A hashing function indexes the sleepq_head array, hashing on the address of the object. A singly linked list that establishes the beginning of the doubly linked sublists of kthreads at the same priority is in ascending order based on priority. The sublist is implemented with a t_priforw (forward pointer) and t_priback (previous pointer) in the kernel thread. Also, a t_sleepq pointer points back to the array entry in sleepq_head, identifying which sleep queue the thread is on and providing a quick method to determine if a thread is on a sleep queue at all; if the thread's t_sleepq pointer is NULL, then the thread is not on a sleep queue.

Inside the sema_p() function, if we have a semaphore count value of 0, the semaphore is not available and the calling kernel thread needs to be placed on a sleep queue. A sleep queue is located through a hash function into the sleep_head array, which hashes on the address of the object the thread is blocking, in this case, the address of the semaphore.

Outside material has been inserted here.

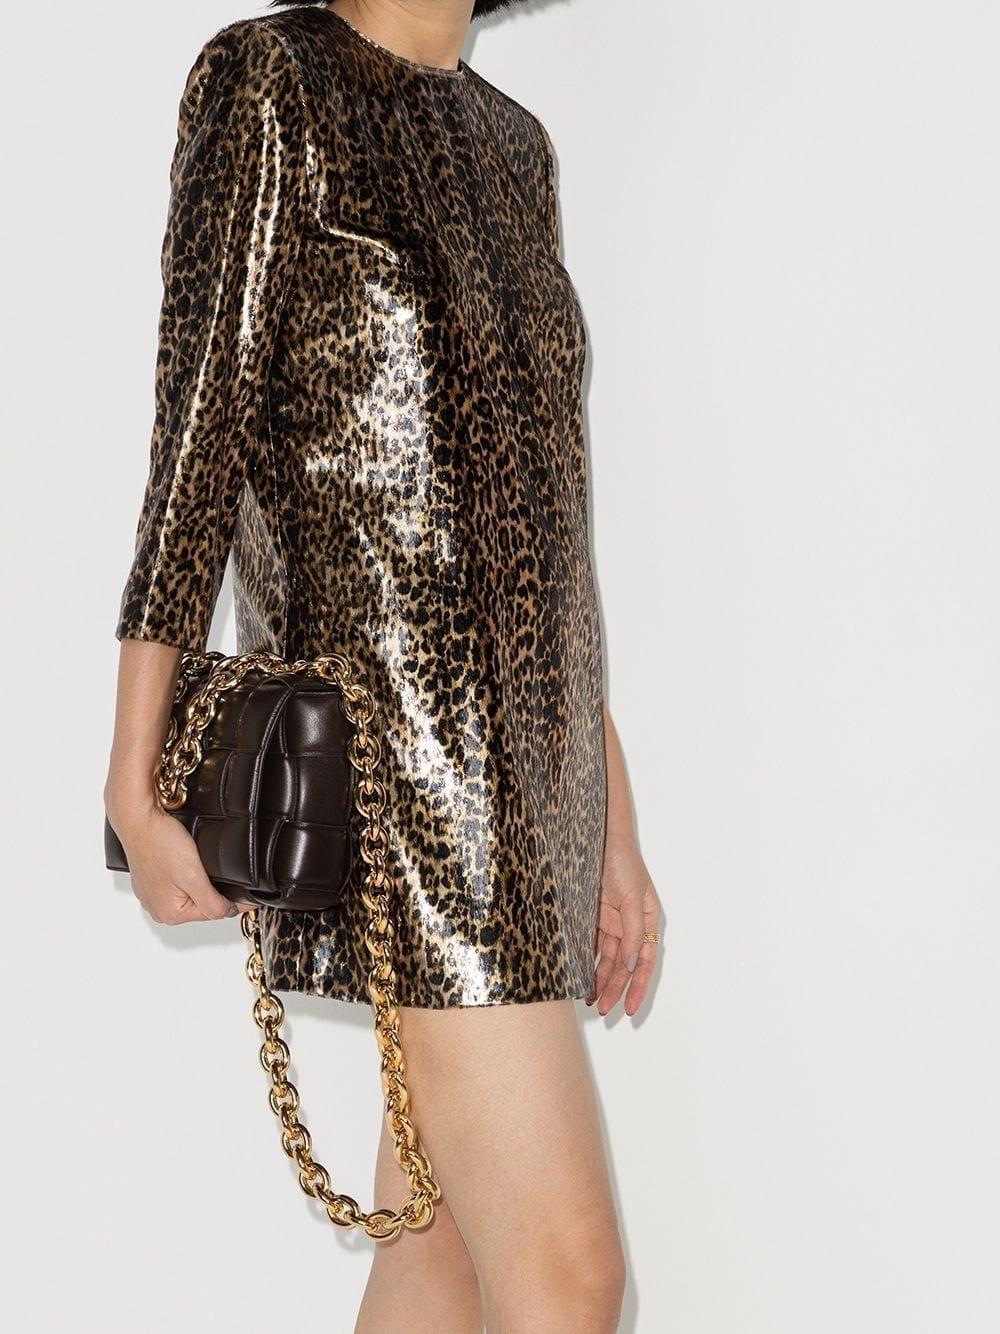 SAINT LAURENT Metallic Leopard-print Mini Dress

The code also grabs the sleep queue lock, sq_lock (see Figure 17.9), to block any further inserts or removals from the sleep queue until the insertion of the current kernel thread has been completed (that's what locks are for!).

The scheduling-class-specific sleep function is called to set the thread wakeup priority and to change the thread state from ONPROC (running on a processor) to SLEEP. The kernel thread's t_wchan (wait channel) pointer is set to the address of the semaphore it's blocking on, and the thread's t_sobj_ops pointer is set to reference the sema_sobj_ops structure. The thread is now in a sleep state on a sleep queue.

A semaphore is released by the sema_v() function, which has the exact opposite effect of sema_p() and behaves very much like the lock release functions we've examined up to this point. The semaphore value is incremented, and if any threads are sleeping on the semaphore, the one that has been sitting on the sleep queue longest will be woken up. Semaphore wakeups always involve waking one waiter at a time.

Semaphores are used in relatively few areas of the operating system: the buffer I/O (bio) module, the dynamically loadable kernel module code, and a couple of device drivers.